From Visitation by Jenny Erpenbeck

Jenny Erpenbeck (*1967)

Another female writer who read at the EdBookFest - Jenny Erpenbeck, born in East-Berlin, former German Democratic Republic. And she, too, comes from a family of writers: her grandfather Fritz Erpenbeck was an actor, author and founder of the journal Theater der Zeit. His wife Hedda Zinner was a former actress who turned to politics becoming a left-wing journalist. During WWII they emigrated to Vienna and Prague, moving on to the Soviet-Union in 1935, returning to East-Berlin after the war. Jenny's father John Erpenbeck, born in Ufa, Russia, is a physicist and author and her mother Doris Kilias was a translator of Arabic literature (e.g. Nobel Prize winner Naguib Mahfouz). Nevertheless, Jenny first learned the trade of a bookbinder before turning to the theatre. She started at the Humboldt University of Berlin, changed to study Music Theatre Director at the Hanns Eisler Music Conservatory and completed her studies in 1994. As a freelance director she directed at various opera houses in Germany and Austria.

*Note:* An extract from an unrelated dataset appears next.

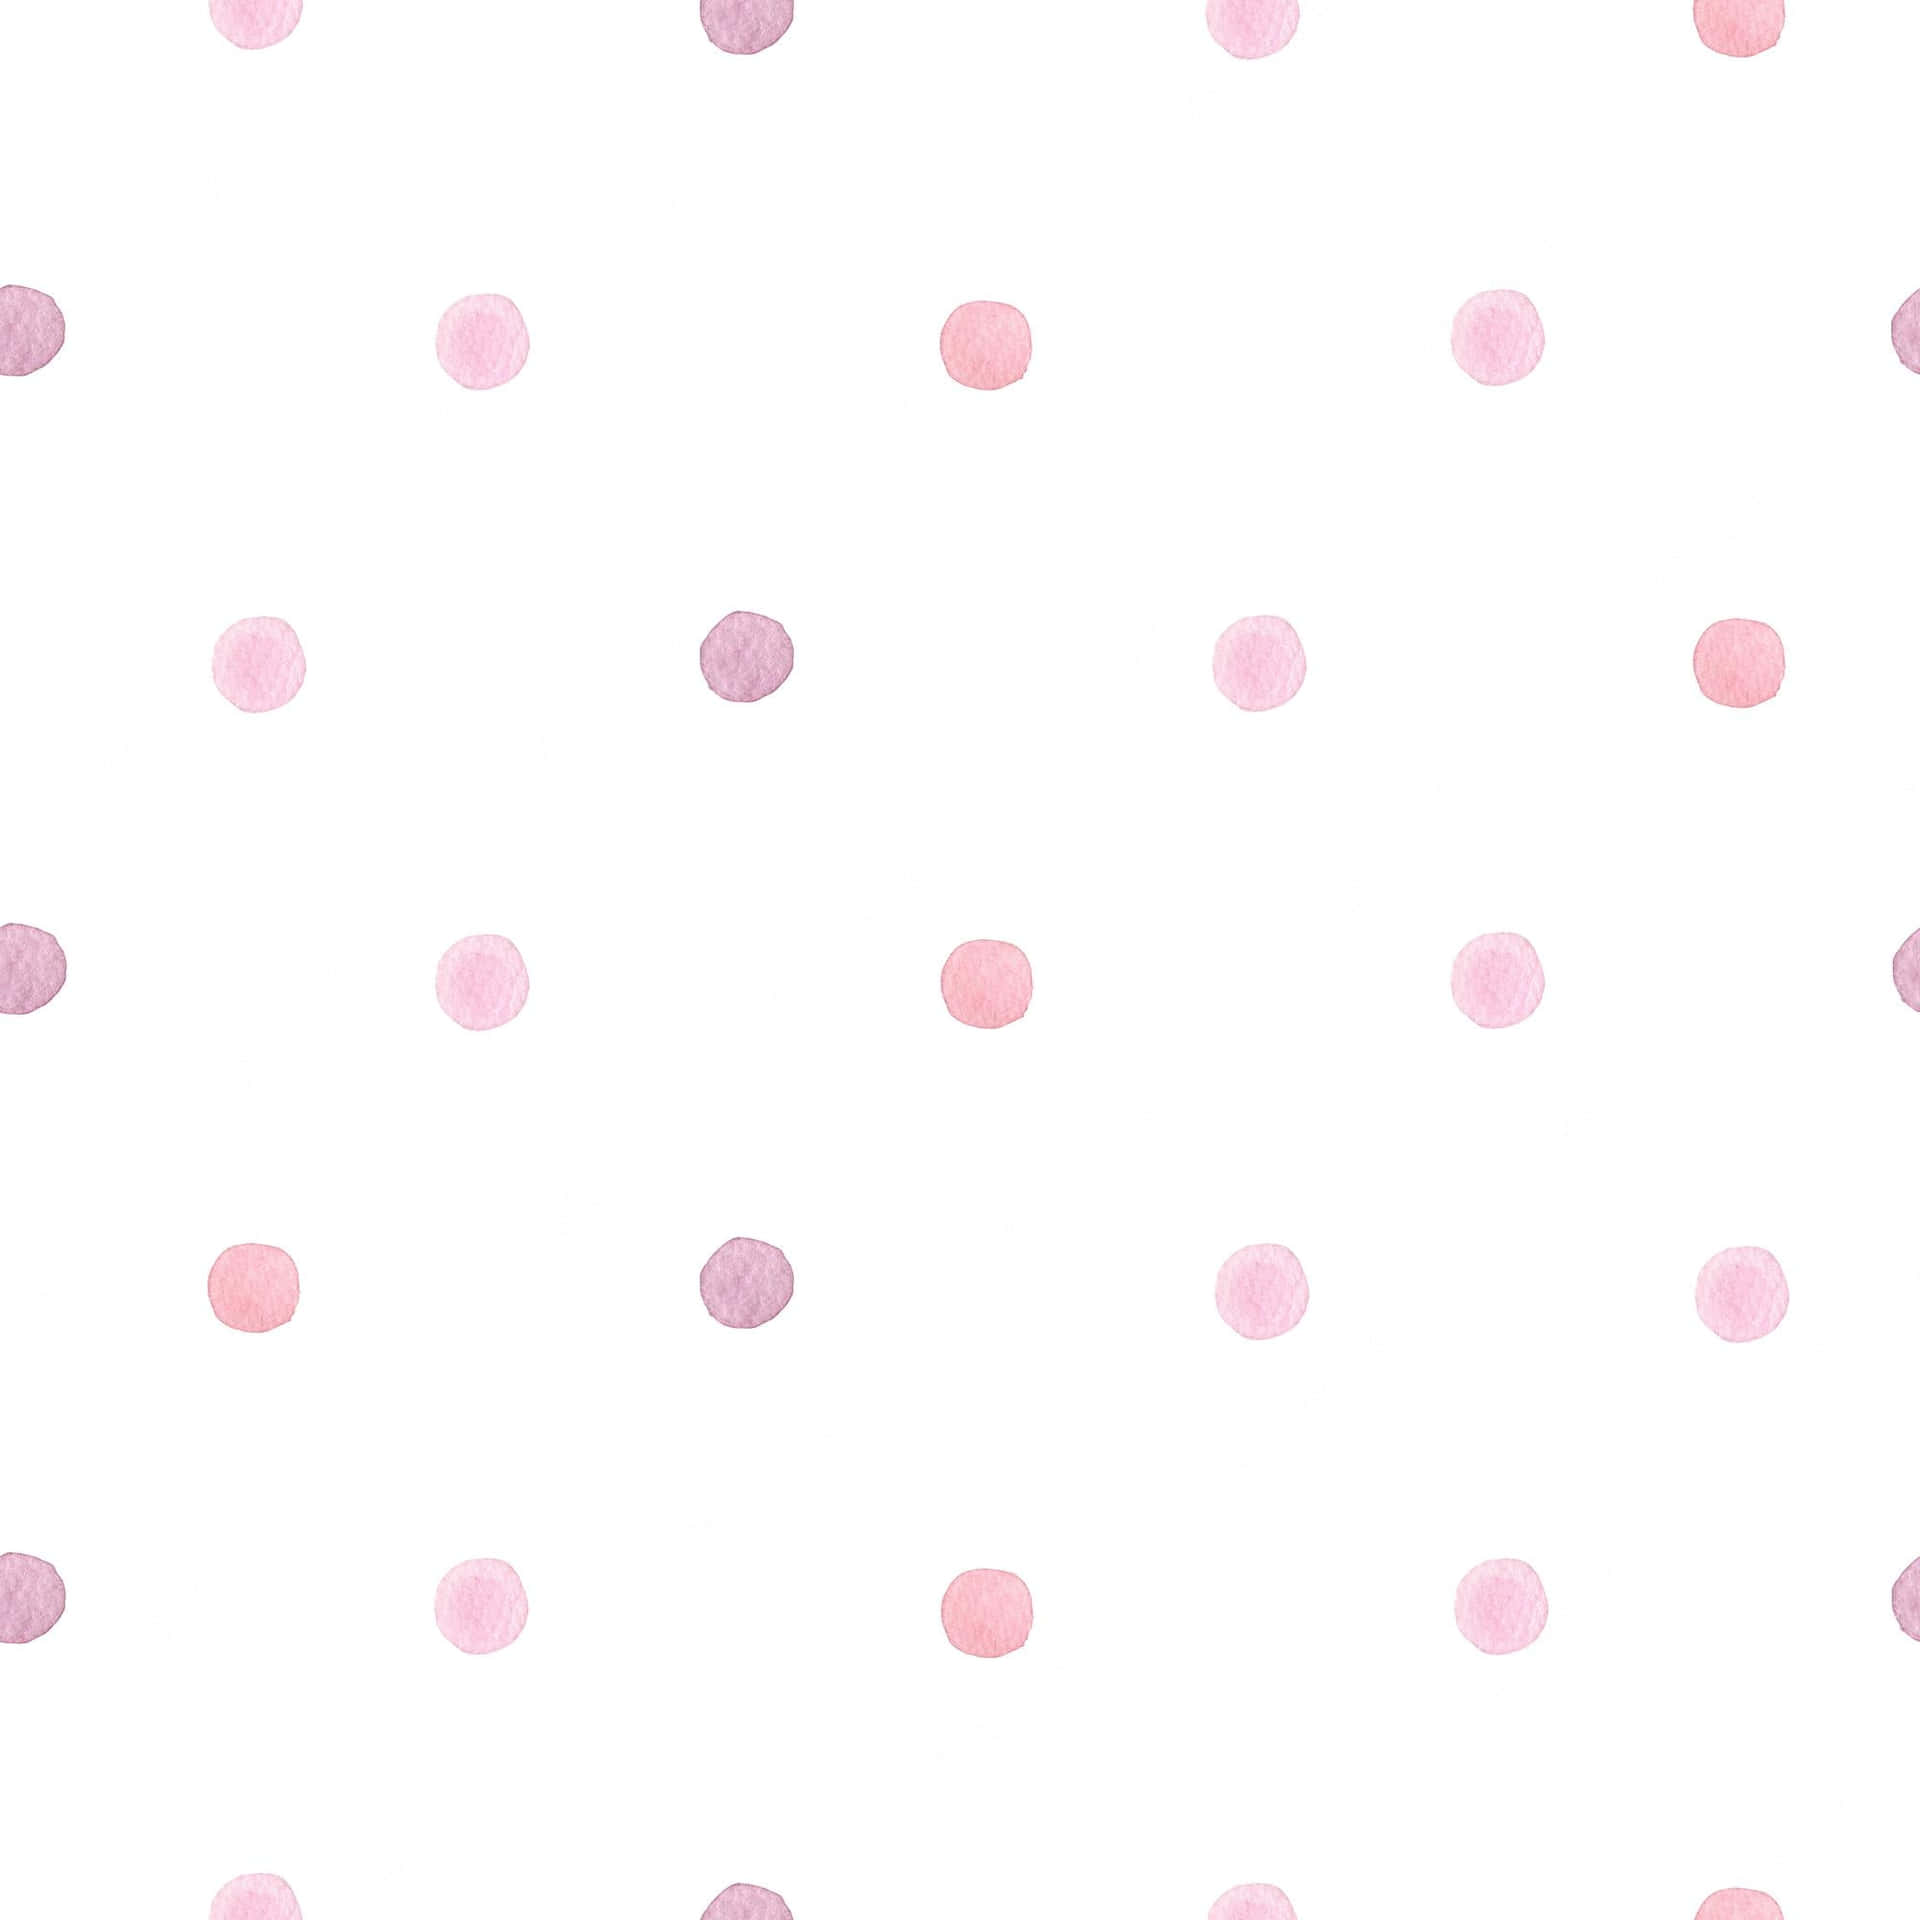 Soft and feminine pink and white polka dots Wallpaper
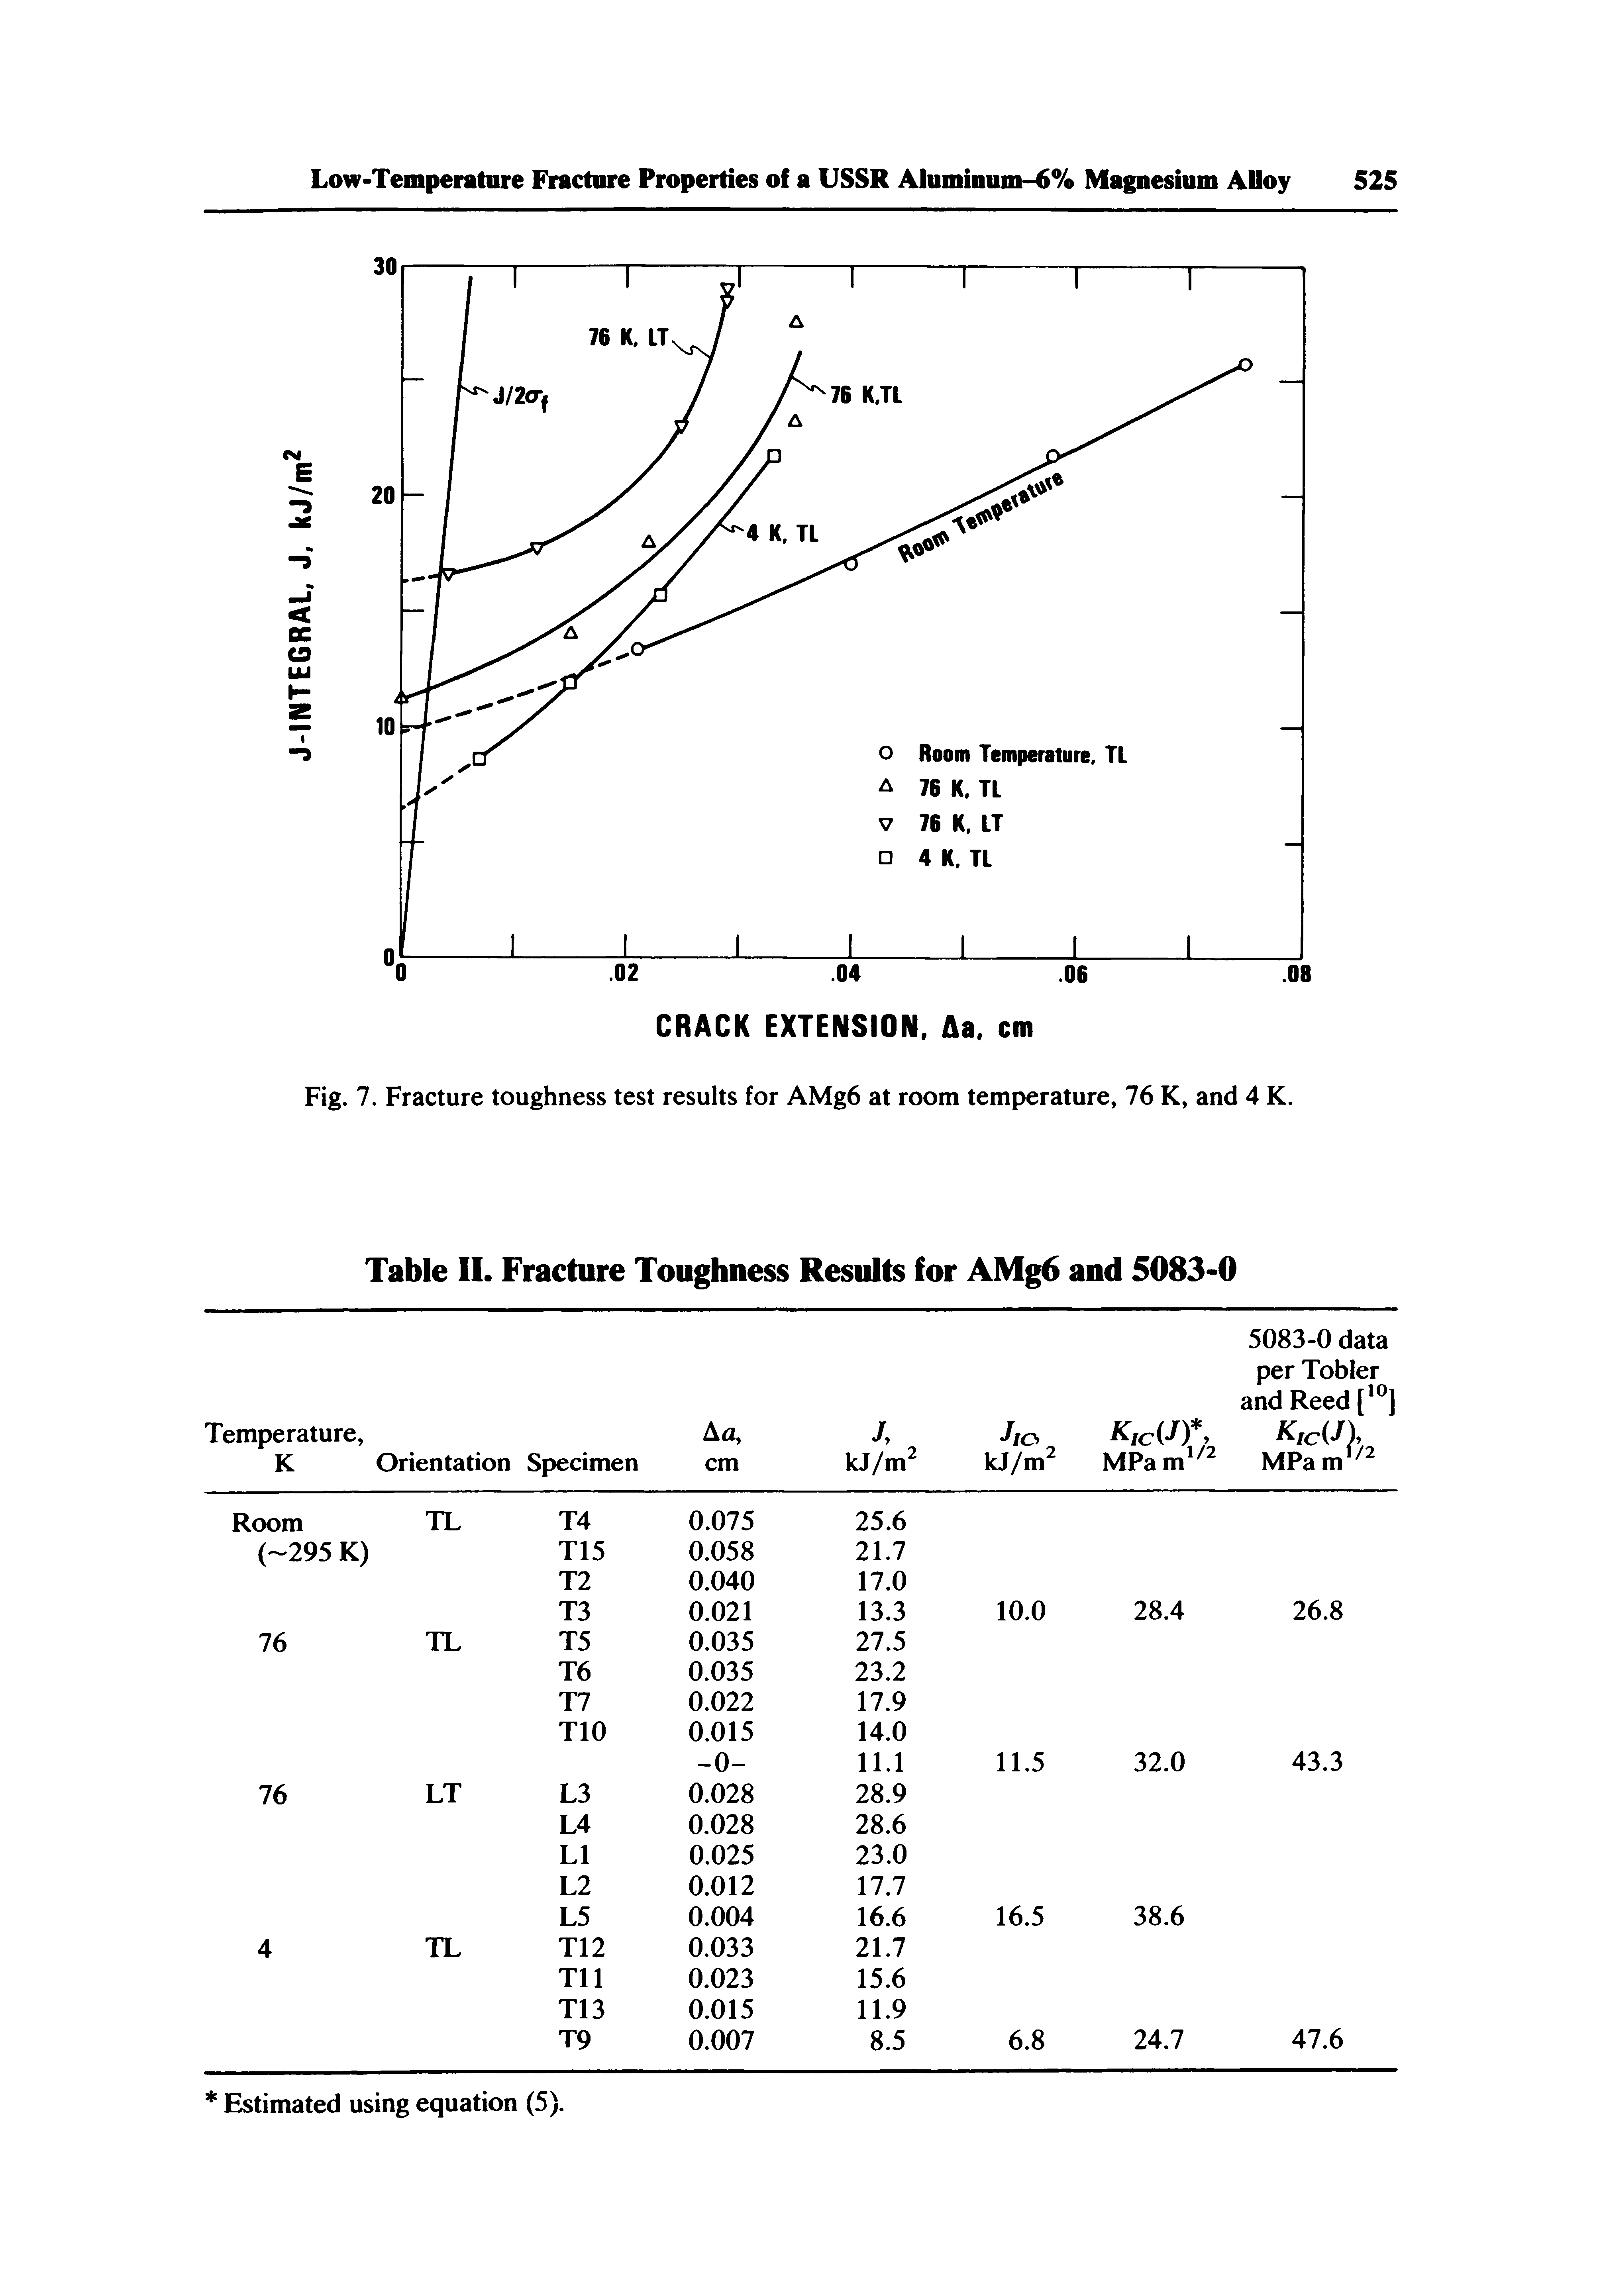 Fig. 7. Fracture toughness test results for AMg6 at room temperature, 76 K, and 4 K.

About that time she started also to write. Her first very surreal novel The Old Child gained her all attention right away. Her second novel The Book of Words turned out even more surreal and dreamlike. Her absurd style had Michel Faber write in a review: "[Jenny] is one of the finest, most exciting authors alive" (The Guardian, 30/10/2012). And it was Michel himself interviewing Jenny at the EdBookFest. Her third novel Visitation was the focus of the evening - another enigmatic novel with a (haunted?!) house as a framing character, its changes of ownership mirroring the political transitions spanning several decennials. "When you come from the East, when you've seen your country disappear, you understand how quickly things can change. Suddenly, everything seems surrealistic!" (EdBookFest, 2011). As the former GDR with its dark secrets 'haunts' her first two books, her third novel is set on a bigger canvas - eventually, the change of the GDR becomes only one of various transitions. Seemingly, those changes and their accompanying losses are 'haunting' Jenny herself. Her fourth novel bears the title: Things that Disappear...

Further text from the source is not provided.